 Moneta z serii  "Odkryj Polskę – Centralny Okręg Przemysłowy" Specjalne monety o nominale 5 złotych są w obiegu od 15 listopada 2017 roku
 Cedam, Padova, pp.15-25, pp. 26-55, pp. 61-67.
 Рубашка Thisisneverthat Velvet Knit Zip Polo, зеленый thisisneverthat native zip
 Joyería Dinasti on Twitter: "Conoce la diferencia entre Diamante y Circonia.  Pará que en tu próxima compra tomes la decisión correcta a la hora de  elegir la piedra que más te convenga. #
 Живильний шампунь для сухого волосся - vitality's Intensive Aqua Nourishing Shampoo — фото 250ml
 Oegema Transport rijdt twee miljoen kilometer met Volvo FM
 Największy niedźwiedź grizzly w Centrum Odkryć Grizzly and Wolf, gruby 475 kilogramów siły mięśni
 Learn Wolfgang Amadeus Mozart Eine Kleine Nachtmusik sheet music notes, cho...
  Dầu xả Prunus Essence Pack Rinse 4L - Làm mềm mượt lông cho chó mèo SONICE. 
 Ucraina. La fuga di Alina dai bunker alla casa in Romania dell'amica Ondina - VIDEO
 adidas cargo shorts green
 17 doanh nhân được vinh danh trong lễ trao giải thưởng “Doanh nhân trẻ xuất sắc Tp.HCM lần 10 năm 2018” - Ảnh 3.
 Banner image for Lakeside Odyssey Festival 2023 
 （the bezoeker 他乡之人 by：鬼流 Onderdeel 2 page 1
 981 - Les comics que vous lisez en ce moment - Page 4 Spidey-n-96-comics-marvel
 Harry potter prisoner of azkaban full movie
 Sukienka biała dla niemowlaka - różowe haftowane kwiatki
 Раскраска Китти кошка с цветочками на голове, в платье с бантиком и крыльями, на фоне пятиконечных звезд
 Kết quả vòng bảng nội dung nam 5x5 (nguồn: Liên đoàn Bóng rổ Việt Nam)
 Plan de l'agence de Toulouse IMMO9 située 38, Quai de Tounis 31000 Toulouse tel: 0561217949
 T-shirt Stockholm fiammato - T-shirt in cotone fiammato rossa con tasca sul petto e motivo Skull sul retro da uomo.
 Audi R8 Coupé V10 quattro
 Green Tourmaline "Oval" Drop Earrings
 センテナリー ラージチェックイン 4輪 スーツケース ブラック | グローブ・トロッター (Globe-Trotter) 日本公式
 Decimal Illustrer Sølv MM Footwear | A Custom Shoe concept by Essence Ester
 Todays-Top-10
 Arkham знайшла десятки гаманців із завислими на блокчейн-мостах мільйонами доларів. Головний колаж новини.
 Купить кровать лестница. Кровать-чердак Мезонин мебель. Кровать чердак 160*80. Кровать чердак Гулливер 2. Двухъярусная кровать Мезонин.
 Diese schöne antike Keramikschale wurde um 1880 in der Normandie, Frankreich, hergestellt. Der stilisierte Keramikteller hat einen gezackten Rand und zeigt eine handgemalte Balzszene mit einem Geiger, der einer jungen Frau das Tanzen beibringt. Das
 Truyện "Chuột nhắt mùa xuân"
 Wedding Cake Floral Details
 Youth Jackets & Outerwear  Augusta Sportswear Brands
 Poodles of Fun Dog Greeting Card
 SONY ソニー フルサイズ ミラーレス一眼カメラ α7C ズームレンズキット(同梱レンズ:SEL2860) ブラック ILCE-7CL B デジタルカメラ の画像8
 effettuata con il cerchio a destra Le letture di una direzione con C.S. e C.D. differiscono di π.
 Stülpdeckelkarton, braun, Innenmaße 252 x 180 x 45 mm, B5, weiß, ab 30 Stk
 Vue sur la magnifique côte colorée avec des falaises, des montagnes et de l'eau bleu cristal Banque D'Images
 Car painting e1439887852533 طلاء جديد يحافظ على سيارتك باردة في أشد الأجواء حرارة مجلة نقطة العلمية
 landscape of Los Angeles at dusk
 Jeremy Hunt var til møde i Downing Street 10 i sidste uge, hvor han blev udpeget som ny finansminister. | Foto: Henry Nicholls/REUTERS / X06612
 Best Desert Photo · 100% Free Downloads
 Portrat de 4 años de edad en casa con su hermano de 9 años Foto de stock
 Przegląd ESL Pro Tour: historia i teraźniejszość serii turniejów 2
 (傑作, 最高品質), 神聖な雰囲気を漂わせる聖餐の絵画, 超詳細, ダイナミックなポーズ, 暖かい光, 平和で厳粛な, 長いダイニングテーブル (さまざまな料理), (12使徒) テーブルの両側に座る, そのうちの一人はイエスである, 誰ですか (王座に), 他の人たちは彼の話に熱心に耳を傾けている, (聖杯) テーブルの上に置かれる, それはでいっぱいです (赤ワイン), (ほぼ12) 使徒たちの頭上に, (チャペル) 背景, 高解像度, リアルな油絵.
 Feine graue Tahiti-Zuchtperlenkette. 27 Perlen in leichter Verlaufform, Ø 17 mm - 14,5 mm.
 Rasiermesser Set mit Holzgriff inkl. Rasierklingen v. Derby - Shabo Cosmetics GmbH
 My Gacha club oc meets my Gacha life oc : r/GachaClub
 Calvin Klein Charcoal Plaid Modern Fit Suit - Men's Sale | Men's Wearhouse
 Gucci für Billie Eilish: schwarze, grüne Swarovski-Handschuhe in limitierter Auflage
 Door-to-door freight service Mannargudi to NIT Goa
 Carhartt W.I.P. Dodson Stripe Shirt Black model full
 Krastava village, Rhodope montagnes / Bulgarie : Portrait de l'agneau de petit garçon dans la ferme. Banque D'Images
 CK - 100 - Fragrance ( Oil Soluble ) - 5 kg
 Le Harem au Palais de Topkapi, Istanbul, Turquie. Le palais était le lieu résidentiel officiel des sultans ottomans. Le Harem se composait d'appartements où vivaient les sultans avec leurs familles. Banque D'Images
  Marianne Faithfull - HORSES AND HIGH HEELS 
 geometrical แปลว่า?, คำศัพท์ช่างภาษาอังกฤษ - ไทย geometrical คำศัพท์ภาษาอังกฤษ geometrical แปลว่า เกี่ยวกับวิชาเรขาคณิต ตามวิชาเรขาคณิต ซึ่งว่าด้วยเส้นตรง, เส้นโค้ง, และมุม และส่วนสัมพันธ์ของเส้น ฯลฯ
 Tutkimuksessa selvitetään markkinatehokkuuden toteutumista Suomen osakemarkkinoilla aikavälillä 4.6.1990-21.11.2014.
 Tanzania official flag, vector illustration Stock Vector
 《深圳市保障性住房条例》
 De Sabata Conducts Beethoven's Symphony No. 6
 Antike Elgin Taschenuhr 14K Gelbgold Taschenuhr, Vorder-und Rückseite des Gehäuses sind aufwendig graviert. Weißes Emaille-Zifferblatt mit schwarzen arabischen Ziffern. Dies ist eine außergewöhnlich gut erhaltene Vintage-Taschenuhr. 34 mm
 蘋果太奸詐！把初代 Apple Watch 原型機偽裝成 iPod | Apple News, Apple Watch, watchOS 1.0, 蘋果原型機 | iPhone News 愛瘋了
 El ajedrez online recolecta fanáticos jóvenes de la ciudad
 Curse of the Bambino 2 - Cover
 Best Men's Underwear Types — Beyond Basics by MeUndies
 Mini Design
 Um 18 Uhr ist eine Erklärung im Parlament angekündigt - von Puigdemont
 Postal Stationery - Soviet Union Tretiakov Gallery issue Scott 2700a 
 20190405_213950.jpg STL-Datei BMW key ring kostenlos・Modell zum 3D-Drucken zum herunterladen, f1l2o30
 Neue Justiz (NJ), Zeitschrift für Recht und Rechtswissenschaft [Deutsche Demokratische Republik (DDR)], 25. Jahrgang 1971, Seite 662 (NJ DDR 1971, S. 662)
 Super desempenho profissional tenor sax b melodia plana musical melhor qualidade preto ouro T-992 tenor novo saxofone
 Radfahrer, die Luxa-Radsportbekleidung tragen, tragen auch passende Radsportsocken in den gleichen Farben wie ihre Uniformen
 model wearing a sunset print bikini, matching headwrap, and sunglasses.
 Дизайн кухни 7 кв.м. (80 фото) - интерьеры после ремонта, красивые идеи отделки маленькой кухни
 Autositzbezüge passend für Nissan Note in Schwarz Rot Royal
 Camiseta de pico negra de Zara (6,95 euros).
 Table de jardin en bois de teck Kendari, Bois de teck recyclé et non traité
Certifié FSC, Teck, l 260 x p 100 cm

□ □ □

» Activity:
Look over the entries above. Copy every line that contains the word "Banque".

» Task solution:
 Vue sur la magnifique côte colorée avec des falaises, des montagnes et de l'eau bleu cristal Banque D'Images
 Krastava village, Rhodope montagnes / Bulgarie : Portrait de l'agneau de petit garçon dans la ferme. Banque D'Images
 Le Harem au Palais de Topkapi, Istanbul, Turquie. Le palais était le lieu résidentiel officiel des sultans ottomans. Le Harem se composait d'appartements où vivaient les sultans avec leurs familles. Banque D'Images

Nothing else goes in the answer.